This guide goes over the air-gapped installation of TabNine services. It assumes you have already installed your cluster, including GPU support, database access, and other requirements from the .

1. Obtaining images for installation/upgrade

When installing Tabnine in a non-air-gapped environment, you would just run helm install with some values. When air-gapped, you will run helm template with the same values, extract the images used, and download them to your machine.

There are many ways to achieve this. For this guide, we will use to extract the image name and docker to pull the images from the registry and export them.

Obtain the helm chart

Download the helm chart locally

helm pull oci://registry.tabnine.com/self-hosted/tabnine-cloud

You will find the helm chart in your current directory, in a file named tabnine-cloud-X.X.X.tgz where X.X.X is the version of the chart.

Obtain the images list (images.list)

In order to obtain the images please run

helm template tabnine-cloud-X.X.X.tgz \
-n tabnine   --values values.yaml \
| yq '..|.image? | select(.)' |sort -u\
 | grep registry.tabnine.com > images.list

Download the images

You need at least 512GB of available disk space to download the images

First, you will need to login to our registry server. Use the same credentials that the installation guide instructs you to use for the pull secret.

docker login registry.tabnine.com
xargs -a images.list -I image docker pull image

Export the images

docker save $(cat images.list) > images.tar.gz

The resulting images.tar.gz will contain all the images required to run Tabnine on an air-gapped environment, copy the file, and the images.list file.

2. Importing the images into the cluster

The process of import process changes between organizations, and whatever you are using organization internal registry server or side-loading the images directly into the Kubernetes node. The steps are to be executed from within the air gapped environment once tabnine-cloud-X.X.X.tgz, images.tar.gz and images.list are present on the executing machine

Import into another registry server (option 1)

This is the recommended setup as it allows cluster nodes to pull images from a centralized location within your company rather than having the images loaded into the cluster.
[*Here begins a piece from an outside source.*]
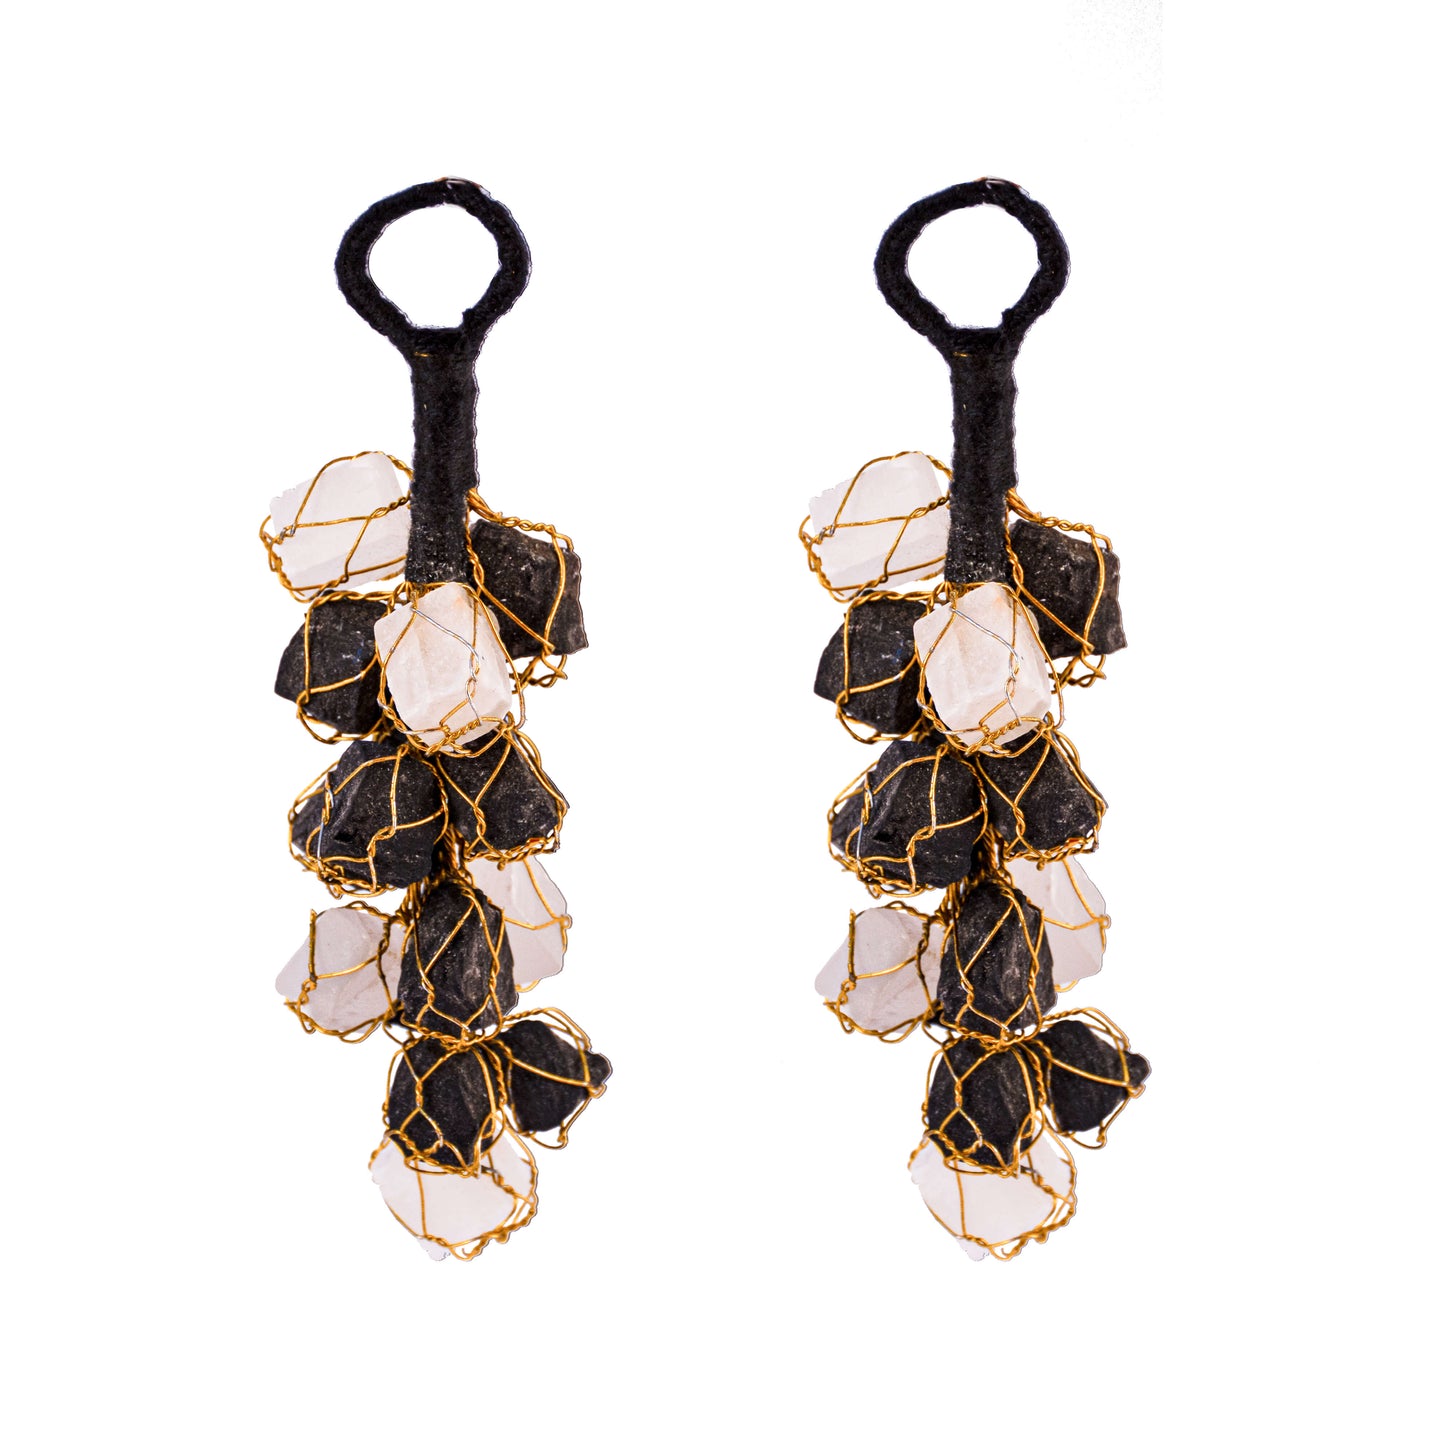 Black Tourmaline/Selenite Stone Crystal Door Hanging for Protection from Negative Energy (Pack of 2)

This allows more accessible updates and works better when your cluster consists of multiple nodes and in cloud environments where the cloud provider may switch the underlying node as part of the cluster’s scaling or maintenance.
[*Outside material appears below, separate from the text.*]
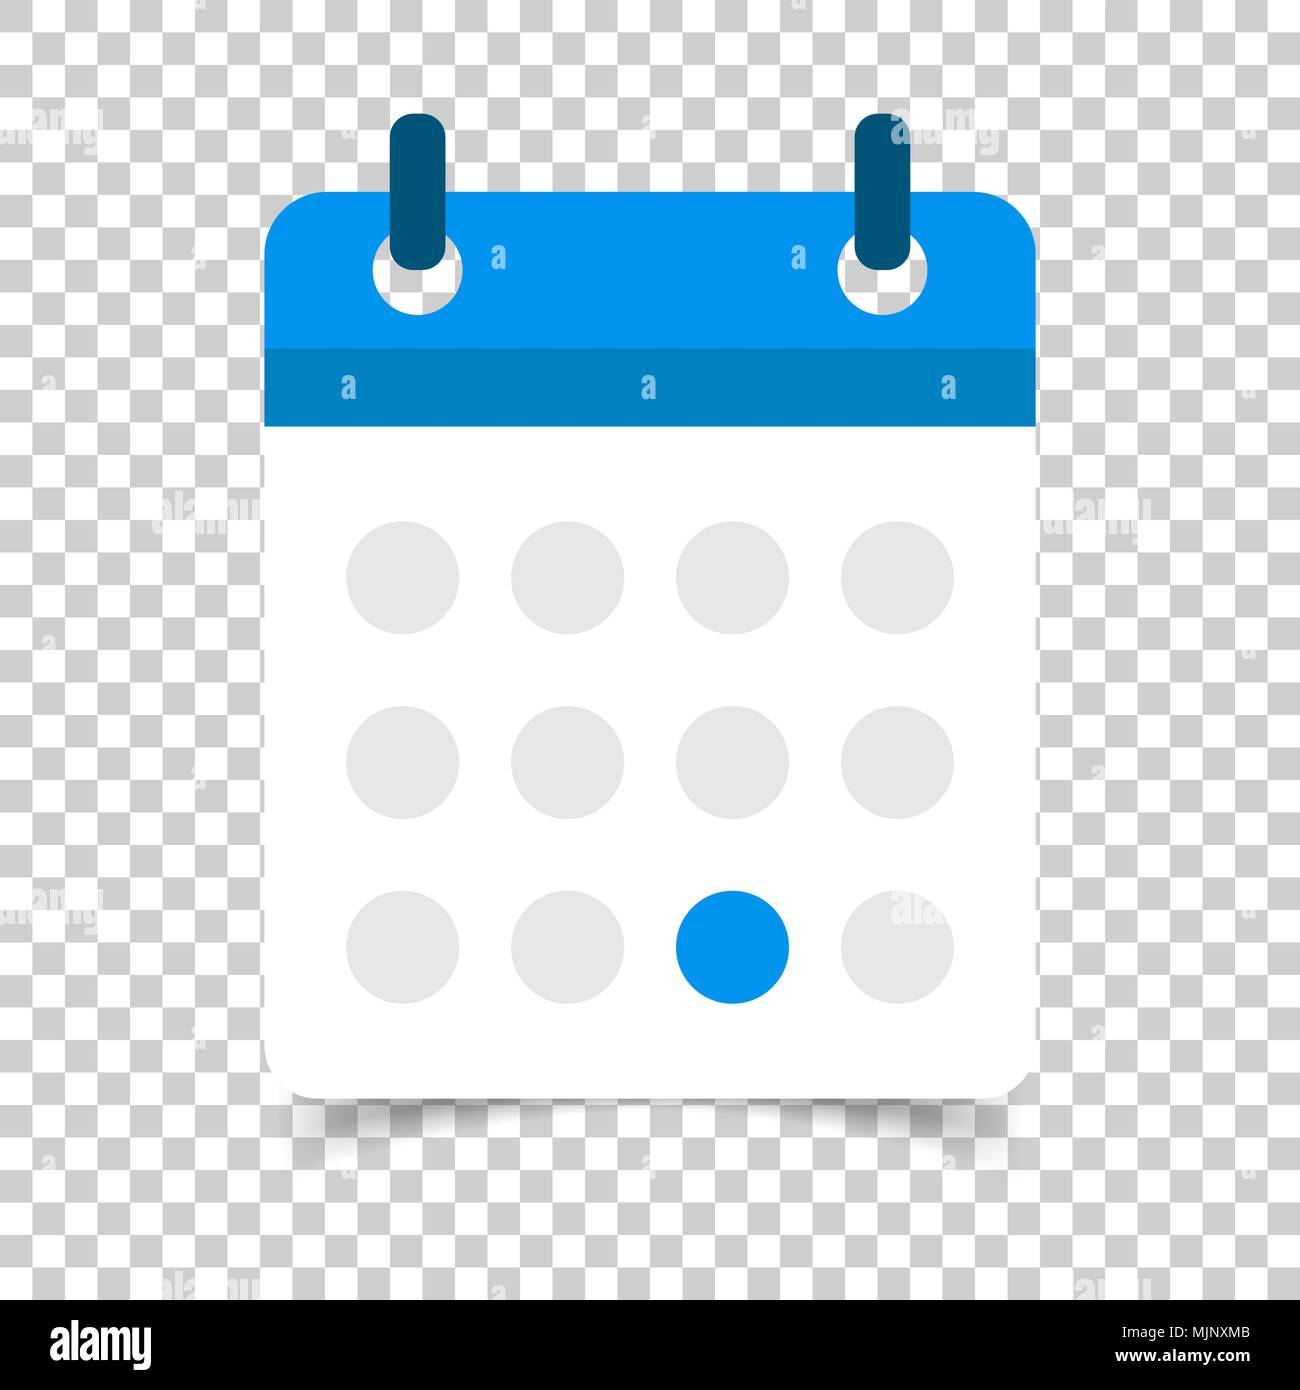 Calendar agenda vector icon in flat style. Reminder illustration on isolated transparent background. Calendar date concept. Stock Vector

For the following steps, it is assumed that you have docker installed on the machine and permissions to docker push to the target registry, and that the Kubernetes cluster has permissions to pull images from the target registry. For this guide we will assume that the target registry name is target.registry and the namespace used for Tabnine’s artifacts will be tabnine . In orther words, we assume that all of our images will be hosted under target.registry/tabnine . Please update the name to one that matches your organization.
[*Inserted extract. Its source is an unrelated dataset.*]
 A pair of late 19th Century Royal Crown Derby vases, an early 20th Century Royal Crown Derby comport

Import the images into the local docker

docker load --input images.tar.gz

Rename and push images

When using another repo we need to rename the docker images to the target repo and push them. For this we will use a small script. Download the file and save it as push_images.sh

#!/bin/bash
set -e
images_file=$1
target_repo=$2
for img in $(cat $images_file); do
	target_image=$(echo $img | sed -e s#registry.tabnine.com/private#${target_repo}#g | sed -e s#registry.tabnine.com/public#${target_repo}#g)
	docker tag $img $target_image 
	docker rmi $img
	docker push $target_image
	docker rmi $target_image
	echo "$img pushed to $target_image"
done

And then run

sh push_images.sh images.list target.registry/tabnine

Once completed, it is recommended to clean up your docker installation to ensure the spaced used by the images is freed

docker system prune

Edit your values file

global:
  image:
    registry: target.registry
    baseRepo: tabnine
    privateRepo: tabnine
    # If the cluster needs image pull secret to pull the image, put it here, otherwise
    # leave an empty array
    imagePullSecrets: []

Side load into the Kubernetes host (option 2)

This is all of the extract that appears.